KURTZ (voice-over): Could the FCC crackdown on indecency undermine news coverage? The CBS affiliate in Phoenix curtailed its coverage of the funeral of Pat Tillman, the pro football player killed in Afghanistan, because some mourners were using words banded by the government. After the commission ruling that Bono's use of the "f" world at a Golden Globe ceremony was profane, news executives are openly worrying about their ability to bleep live news events.

A big week for "Esquire," winning four national magazine awards, edging out "The New Yorker," with three. "Newsweek" took the general excellence prize in the big circulation category.

Ted Koppel reading the names of the fallen in Iraq didn't produce a blockbuster hit for "Nightline" last week. But despite being banned by Sinclair Broadcasting in a half dozen markets, the controversial program's ratings did jump more than 20 percent.

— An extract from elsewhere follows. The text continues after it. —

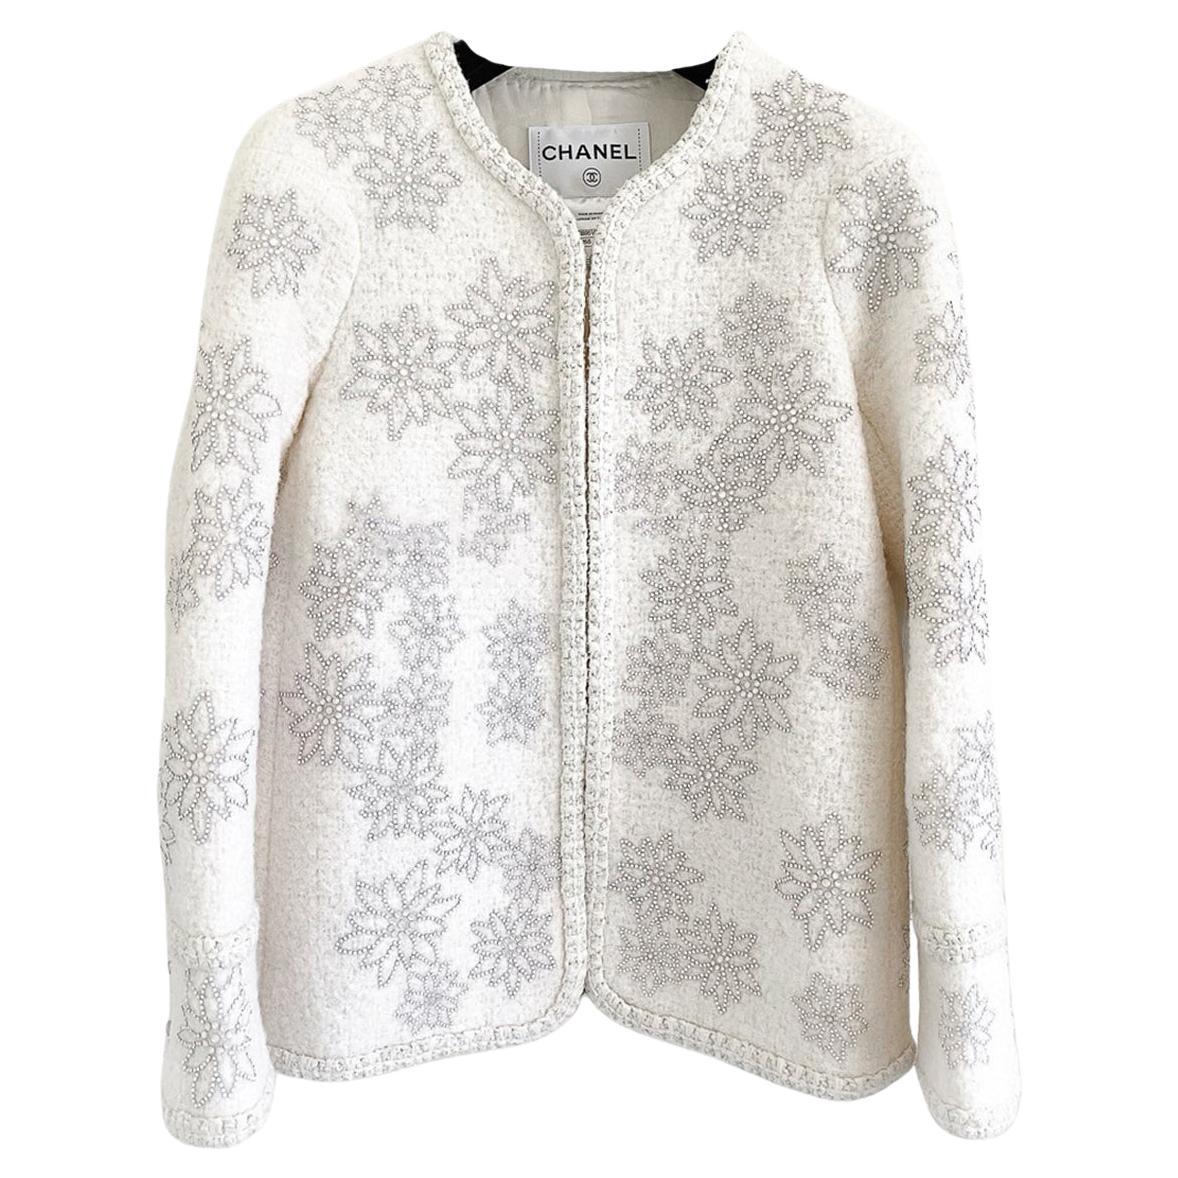 Chanel Couture Paris / Salzburg Edelweiss Tweed-Jacke
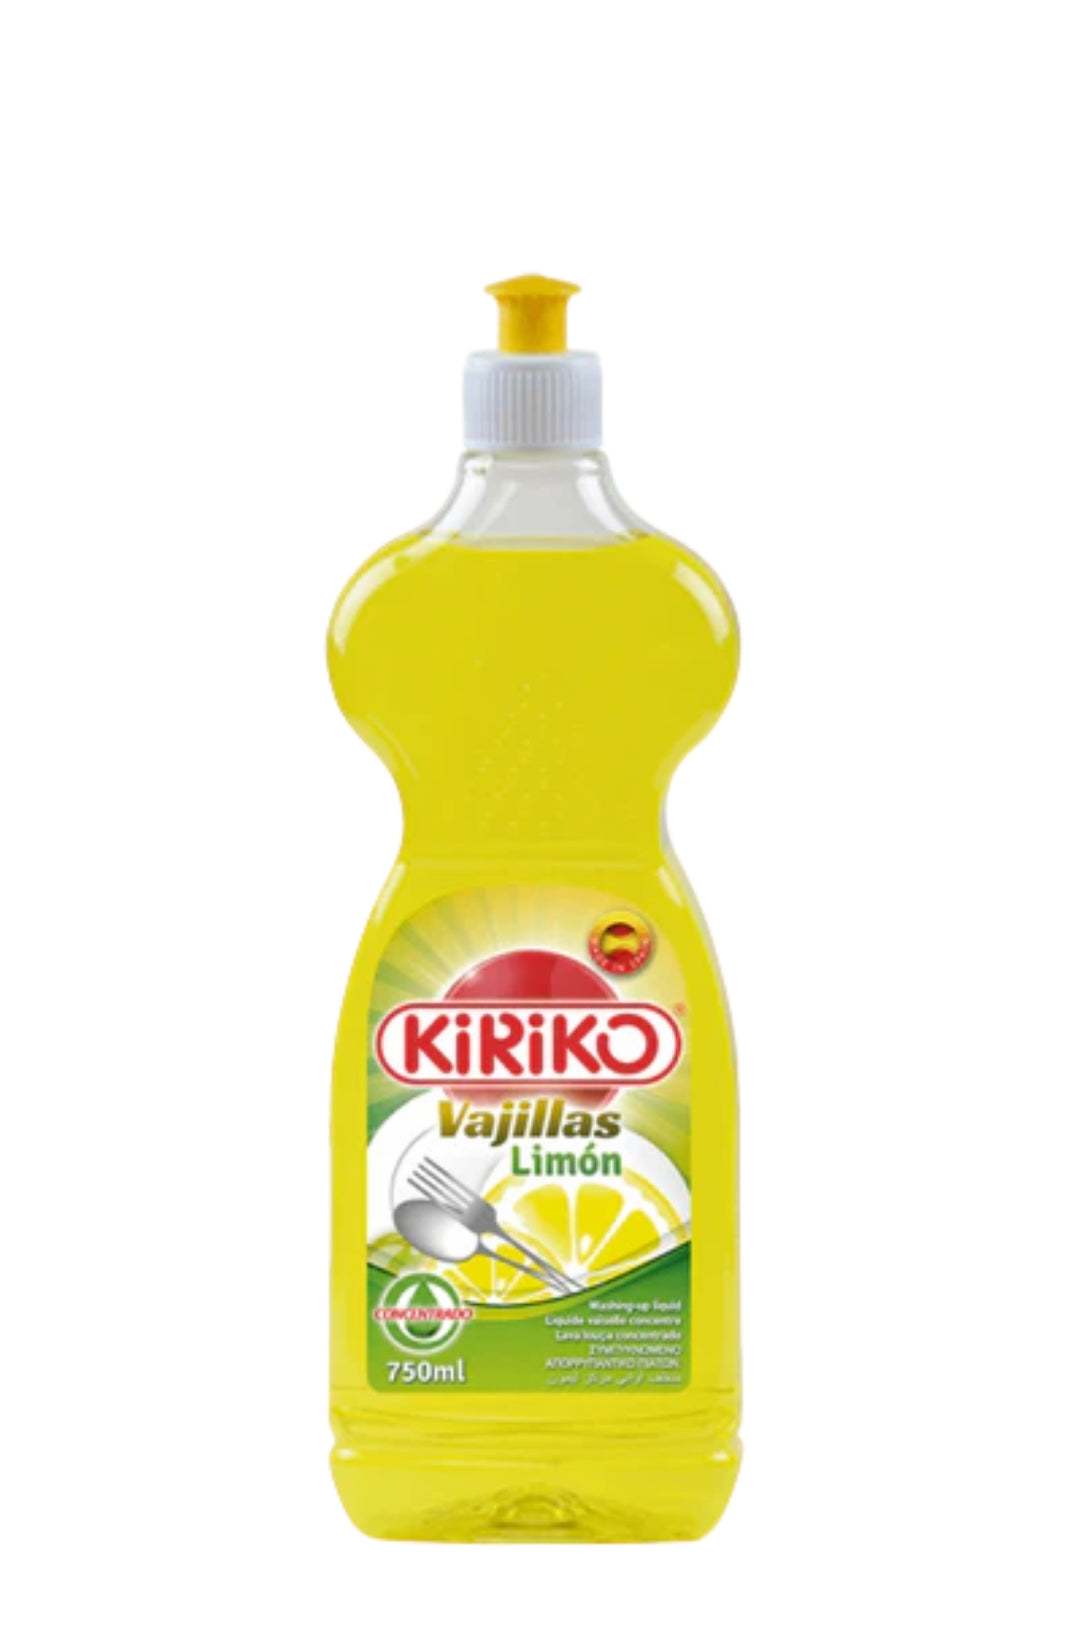 Kiriko Lemon Washing up Liquid

Meanwhile, former ABC correspondent Chris Wallace, now the anchor of "Fox News Sunday," took a shot at his old colleague, saying Koppel's reading of the names lacked context and was a ratings stunt.



KURTZ: Last week, we talked about the media coverage surrounding John Kerry's throwing away his Vietnam decorations, and many of you weighed in.

Jennifer in Florida asked, "Why are we wasting our time discussing Kerry's war medals when there are so many more important issues? What John Kerry did with his medals is his own business. He earned them, by serving honorably in Vietnam."

But Scott in South Carolina writes: "Equal focus on Bush? Are you kidding me? The press was an absolute vulture when President Bush's National Guard record was questioned. That story was aired for weeks upon weeks. Only one or two days since Kerry's tossed medals story broke, and the liberal media are panicking and bringing up Bush's record again. Equal focus on Bush? Absolutely not."

Well, that's it for this edition of RELIABLE SOURCES. I'm Howard Kurtz. Join us again next Sunday morning at 11:30 Eastern for another critical look at the media. "LATE EDITION WITH WOLF BLITZER" begins right now.